### Instructions to follow:
With both ends included, repeat exactly the lines of the entries below from the one containing "Distributeur de poissons" down to the one containing "[Trực tiếp] Cận", and no others.

### Given records:
════════════════

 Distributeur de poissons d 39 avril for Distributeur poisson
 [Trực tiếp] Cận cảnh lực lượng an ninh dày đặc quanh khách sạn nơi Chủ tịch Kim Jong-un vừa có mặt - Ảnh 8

════════════════

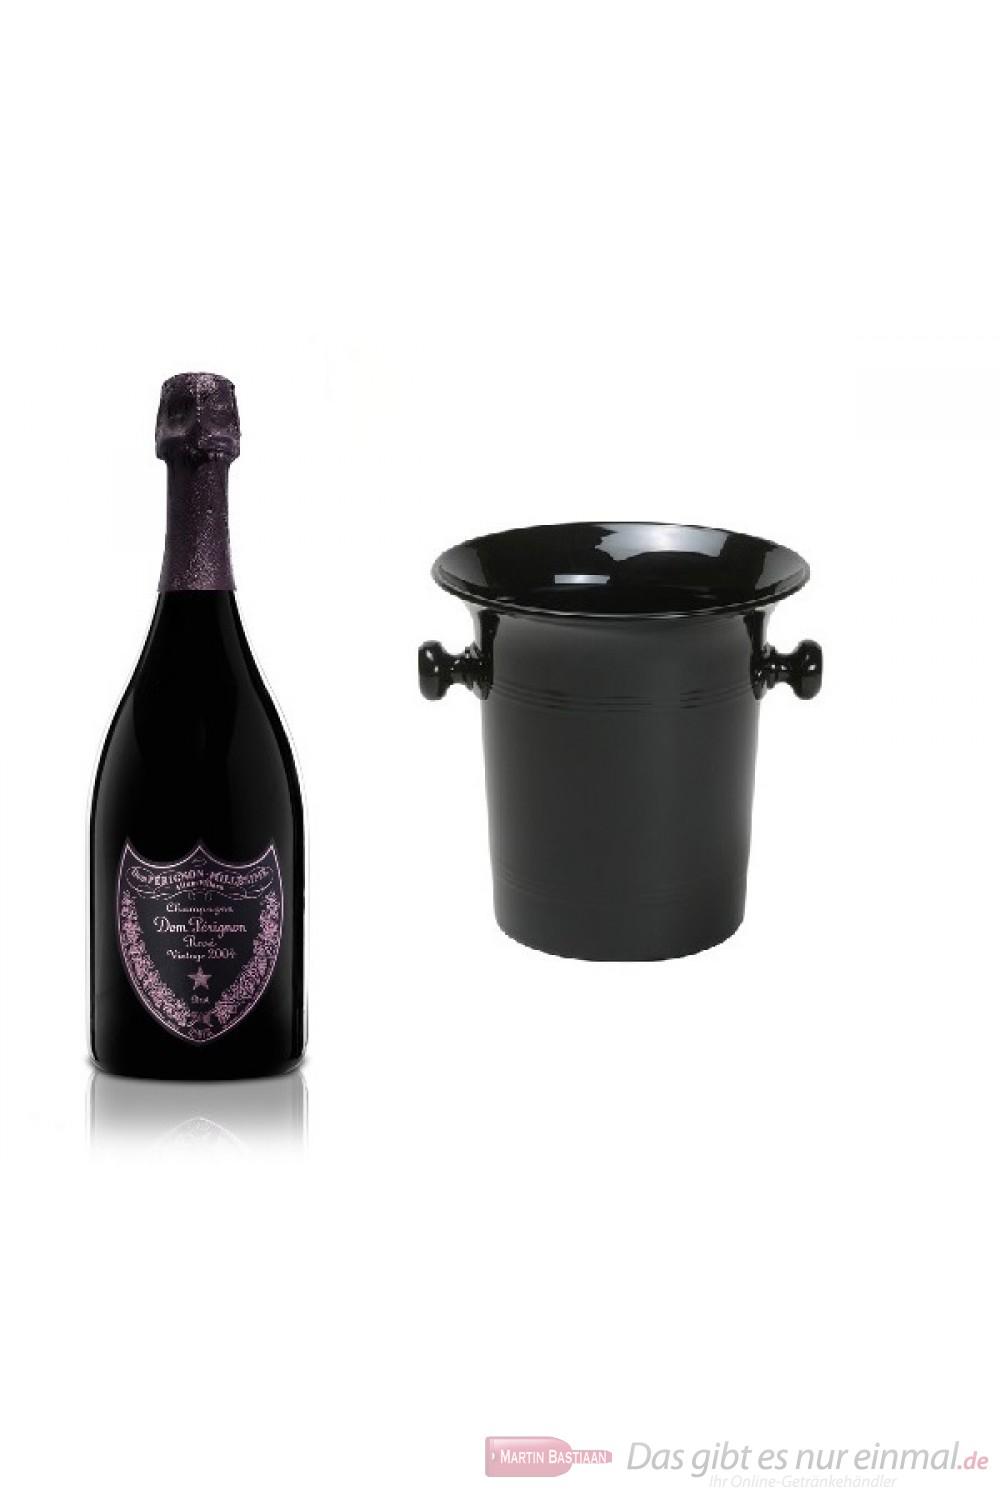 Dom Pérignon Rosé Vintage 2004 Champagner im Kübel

════════════════

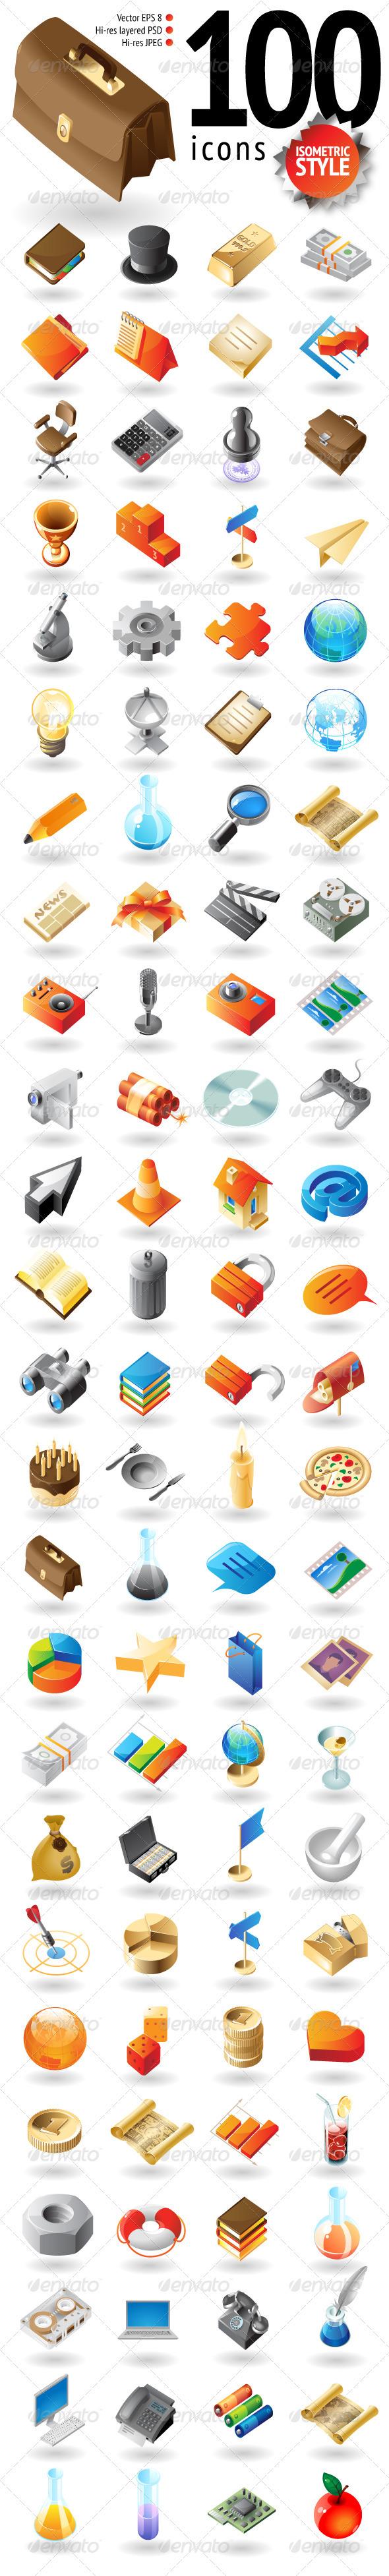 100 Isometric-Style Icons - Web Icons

════════════════

### Solved exercise:
 Distributeur de poissons d 39 avril for Distributeur poisson
 [Trực tiếp] Cận cảnh lực lượng an ninh dày đặc quanh khách sạn nơi Chủ tịch Kim Jong-un vừa có mặt - Ảnh 8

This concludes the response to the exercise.